Further preferably, the mixing and dispersing process is carried out in an ambient temperature and pressure environment.
Preferably, in the metal organic salt precursor solution, the metal is one or more of Ag, ru, pd, ir, pt, mo, co, ce, cu, fe, and Mn, and the solvent is one or more of water, methanol, ethanol, acetic acid, ethylene glycol, isopropanol, glycerol, acetone, chloroform, diethyl ether, tetrahydrofuran, dimethylformamide, and formaldehyde. Organic ligand groups related to the metal organic salt precursor have key influence factors on the amorphous structure and defect regulation.
The metal salt organic ligand group mainly selected by the invention is an acetylacetone group, and is characterized by having abundant C = O and C-O bonds and being capable of being combined with metal ions with specific valence states, such as Ir 4+ The reaction process is matched to complete the processes of metal reduction, fine crystal nucleation, organic ligand coating growth and curing, so as to form a unique amorphous metal oxide structure.
Further preferably, the preparation method of the metal organic salt precursor solution comprises the steps of dissolving the acetylacetone organic salt in a solvent, adding a chloroiridic acid aqueous solution, and mixing to obtain the metal organic salt precursor solution.
More preferably, the solvent is a mixed solution of water and glycol in a certain proportion, and the glycol has the effects of both the solvent and the reducing agent.
Preferably, the molar concentration of the metal in the metal organic salt precursor solution is 0.001-1.0mol/L.
Preferably, the reducing agent is a weak reducing agent, and controls crystal nucleation and growth.
Further preferably, the reducing agent comprises formic acid, ethanol, acetic acid, ethylene glycol, isopropanol, glycerol, ascorbic acid, glucose, CO (NH) 2 ) 2 、Na 2 SO 3 、K 2 SO 3 Or H 2 C 2 O 4 One or more of (a). Through the chemical reagent with weak reducibility, the metal organic salt precursor is controlled to be reduced, nucleated, aggregated and coated in a high-temperature and high-pressure environment of hydrothermal reaction, and finally the nano-scale dispersed amorphous noble metal oxide material is formed.
Preferably, in the redox reaction solution, the solvent is a mixture of water and one of ethanol, acetic acid, ethylene glycol, isopropanol, glycerol, acetone, chloroform, diethyl ether, tetrahydrofuran, dimethylformamide or formaldehyde.
Preferably, the mixing and dispersing process adopts ultrasonic and magnetic stirring.
Preferably, the solvothermal reaction temperature is 80-300 ℃, and the reaction time is 0-72h.
Further preferably, the solvothermal reaction temperature is 80-300 ℃, and the reaction time is 1-72h.
More preferably, the solvothermal reaction temperature is 80-300 ℃, and the reaction time is 1-48h.
Preferably, the product generated by the solvothermal reaction is further subjected to purification and acid washing for 0-12h, so that a material with better activity and stability can be obtained.
Further preferably, the dried product is subjected to ultrasonic dispersion cleaning for multiple times by using an acid solution with the concentration of 1 mol per liter, and is kept stand for 1-12 hours, and the product is subjected to centrifugal cleaning and drying again, so that the high-purity nanoscale dispersed amorphous noble metal oxide composite material can be obtained.
An amorphous noble metal oxide material is prepared by the preparation method.
Preferably, the amorphous noble metal oxide material is dispersed on a nanometer scale.
Further preferably, the prepared nano-grade dispersed amorphous noble metal oxide material is cleaned by centrifugation or vacuum filtration at normal temperature and normal pressure, and is dried to obtain a corresponding high-performance material.
Further preferably, the nano-scale dispersed amorphous noble metal oxide material comprises structures such as monometallic, polymetallic nanoclusters or ultrafine metal oxides.
The application of the amorphous noble metal oxide material is to use the material in hydrogen evolution, oxygen evolution and total hydrolysis reactions.
Solution synthesis, as a conventional method for large-scale preparation of metal materials, can effectively control the growth process of crystals.

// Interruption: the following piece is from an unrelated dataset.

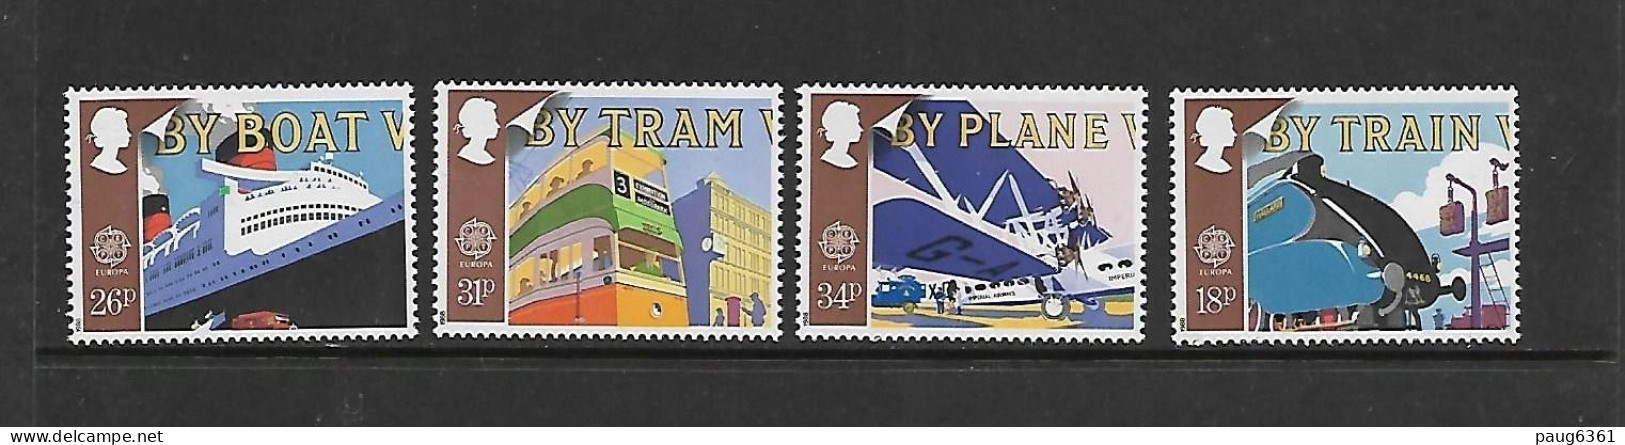 GRANDE-BRETAGNE 1988 TRAINS  YVERT N°1311/1314 NEUF MNH** - Trenes
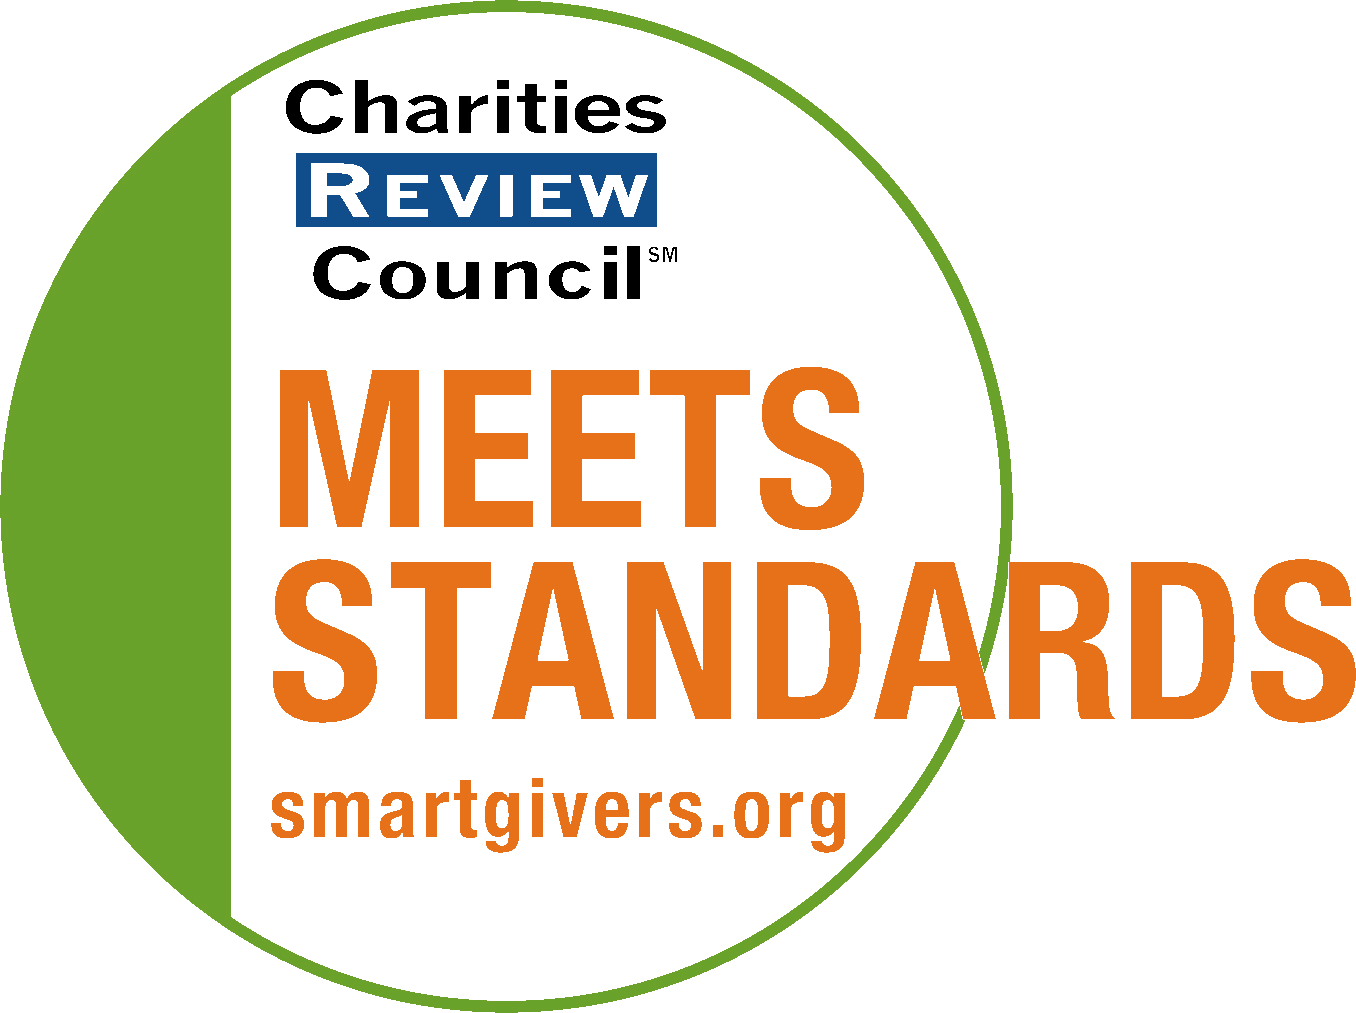 Charities Review Council: Meet Standards

The traditional method controls the generation of related crystals by controlling the concentration of a solution and changing the temperature, so that the reliability is low, and the yield of products and the utilization rate of metals cannot be greatly improved. Considering that the solvent and the reducing agent are important components influencing the chemical reaction kinetics and the reaction, the growth mechanism of the crystal can be obviously controlled by using the proper solvent and the proper reducing agent, the agglomeration of the metal nano particles is inhibited, the dispersion degree of the metal nano particles in the carrier is improved, more active sites are further exposed, and the nano-scale dispersed metal atom composite material with high quality activity and specific activity is obtained. In addition, the precursor selects corresponding organic metal salts, crystal nucleation is controlled in a solvothermal controllable high-pressure high-temperature reaction environment, organic functional groups are doped into the product, and the amorphous oxide metal material with characteristics can be generated. Therefore, the invention provides and realizes a method for optimizing the composition of the solvent and the reducing agent, and realizes the method and the process for preparing the large-scale nano-dispersed amorphous noble metal oxide high-performance functional material by controlling the preparation process of the precursor and the solvothermal reaction conditions and selecting the special organic metal salt precursor.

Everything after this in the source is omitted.